In Hussain v EUI [2019] EWHC 2647 (QB), whereby the High Court has now established clear principles applicable to self-employed taxi drivers when credit hire forms part of their recovery claim. These principles are most applicable when the inherited credit hire charges may appear to exceed what would have been the claimant’s profits during the same period of credit hire.

At the hearing, the claimant’s own vehicle was deemed to be ‘profit earning chattel’, thus the need of his replacement vehicle was to ensure this position continued, therefore allowing him to maintain his income as a taxi-driver as he would have done had it not been for the incident. It was then ascertained that the total loss of profit the claimant would have earned in his own vehicle during the dates of credit hire would have been limited to £423.00.

It has to be noted the claimant was not able to rely on impecuniosity as the failed to comply with the court order to disclose the same.

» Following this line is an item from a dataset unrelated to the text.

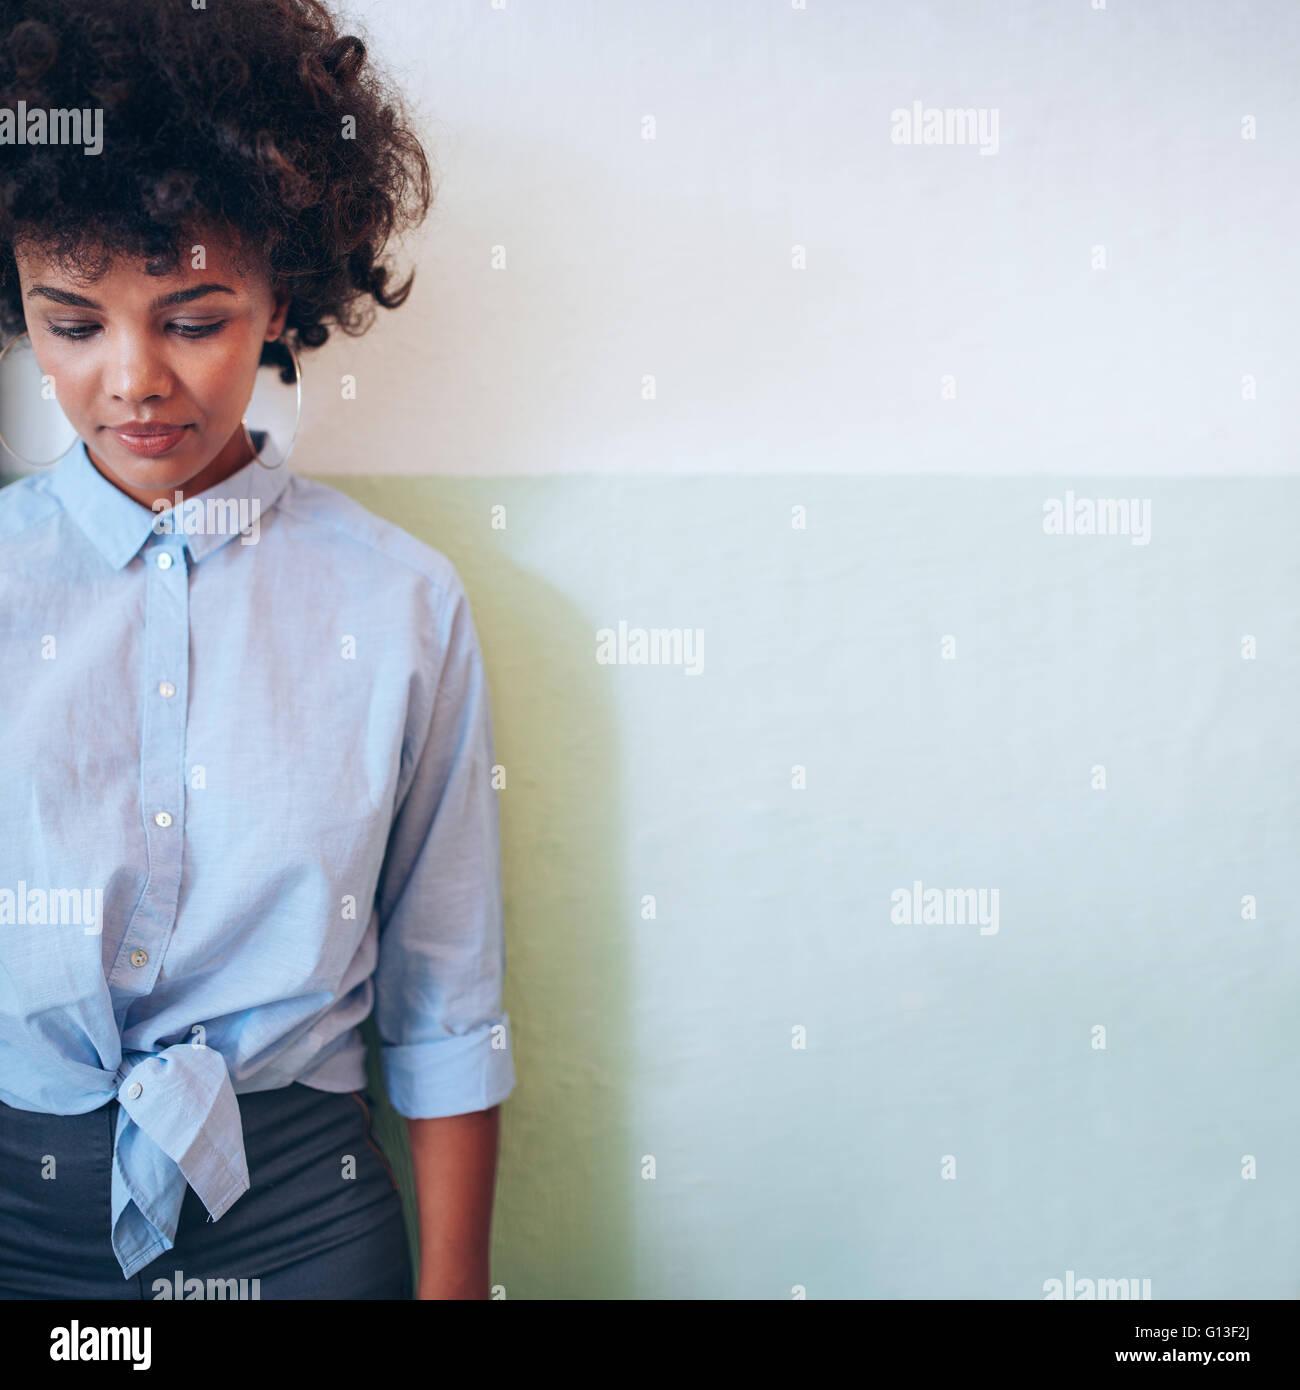 Immagine ritagliata della giovane e bella donna africana in piedi contro un muro e guardando verso il basso. Gara Immagini Stock

Her Honour Judge Wall continued to find that even in the event that the credit hire charges had been recoverable, the claimant would have been limited to the basic hire rates as disclosed by the defendant.

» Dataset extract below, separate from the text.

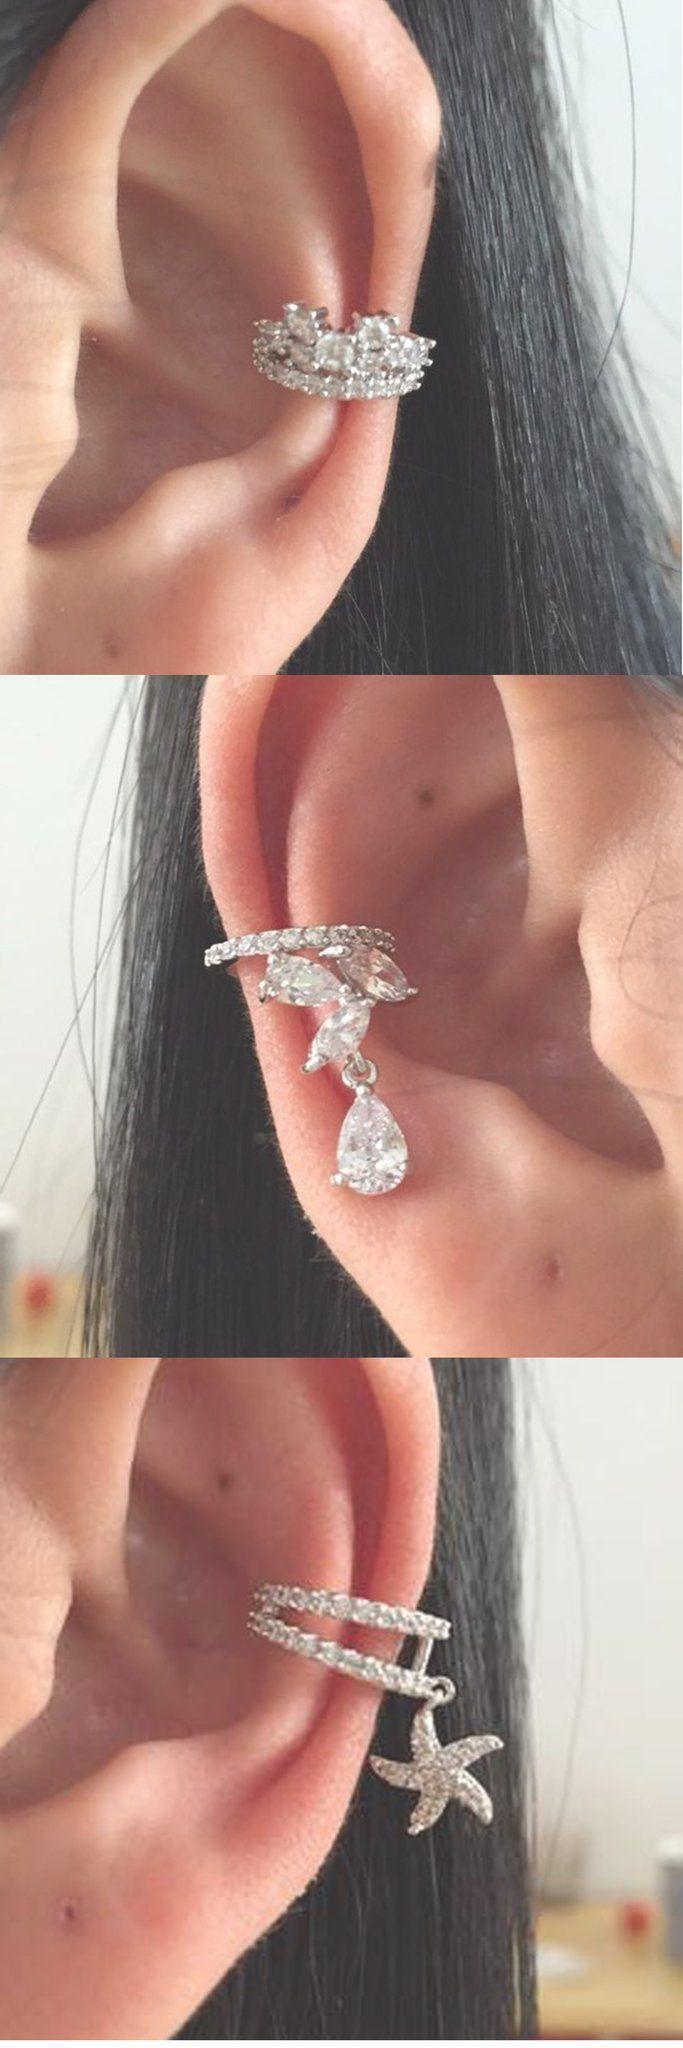 Ear piercing ideas simple  Ear Piercings Ideas for ONLY the Trendiest  Pinterest

Following this judgment, the claimant appealed to the High Court on two grounds –

  1. The judge was wrong to limit the damages to what the profit would have been, and
  2. That the judge was wrong to accept the defendant’s evidence of basis hire rates.

Here, Mr Justice Pepperell made the judgment which provided guidance as to the correct principles which should be applied to the recoverability of credit hire charges in taxi cases.

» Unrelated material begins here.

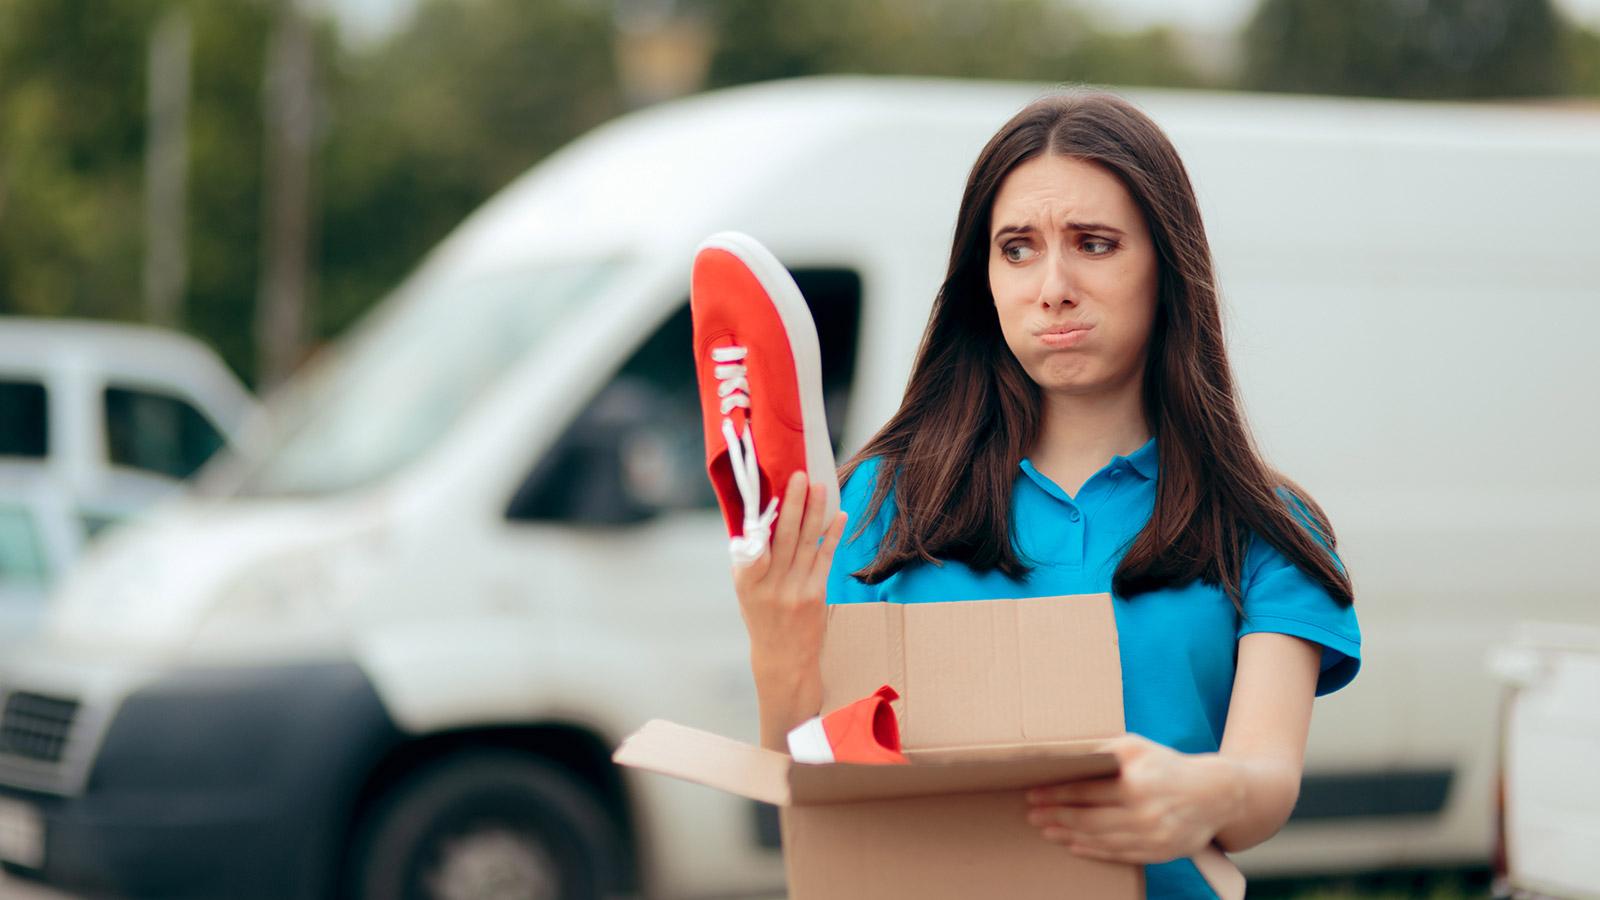 Puedes devolver un producto si la tienda admite devoluciones en su política comercial

Generally, the starting point when assessing such cases is the following, as per paragraph 16.5,

“Where the cost of hire significantly exceeds the avoided loss of profit, the court will ordinarily limit damages to the lost profit.”

This general starting point is however subject to three potential circumstances, which may deem the claimant to have acted reasonably in hiring even if the credit hire charges clearly exceed the loss of profit, thus validate the application pertaining to the recovery of the true credit hire invoice. These consist of –

  1. Where there is a “real risk of a greater loss”. This would be applicable in cases where the continuance of work would be adversely affected or the loss of important customers would be highly likely.

“For example, a chauffeur might not want to let down a regular client for fear of losing her. Equally; a self-employed taxi driver might risk being dropped by the taxi company that provides him with most of his work.”

  1. Where the claimant evidences that their vehicle was not only needed for business use, but also for social and domestic purposes.

“Where a claimant proves that they need a replacement vehicle for private and family use, they will be entitled to recover the cost of hire as any private motorist would be even if it is in excess of the loss of profit.”

  1. Where the claimant has proven their impecunious financial state.

“It might be reasonable to hire a replacement in circumstances where the driver simply could not afford to be out of work. Impecunious self-employed claimants cannot be expected to be left without any income.”

In the case of Hussain v EUI [2019] EWHC 2647 (QB), none of these circumstances applied. Accordingly, the High Court upheld the decision of Her Honour Judge Wall and thereby restricted the claimant’s recovery to loss of profit and dismissed the claimant’s appeal.

Clearly this case is in the favour for the defendants and brings further onus on the claimant to prove impecuniosity and need for a taxi credit hire vehicle. At Din Solicitors we have prepared ourselves to take the defendants insurers arguments based on this case law Hussain v EUI.  We have implemented strategies from the start of the claim and working along side the credit hire organisations we represent.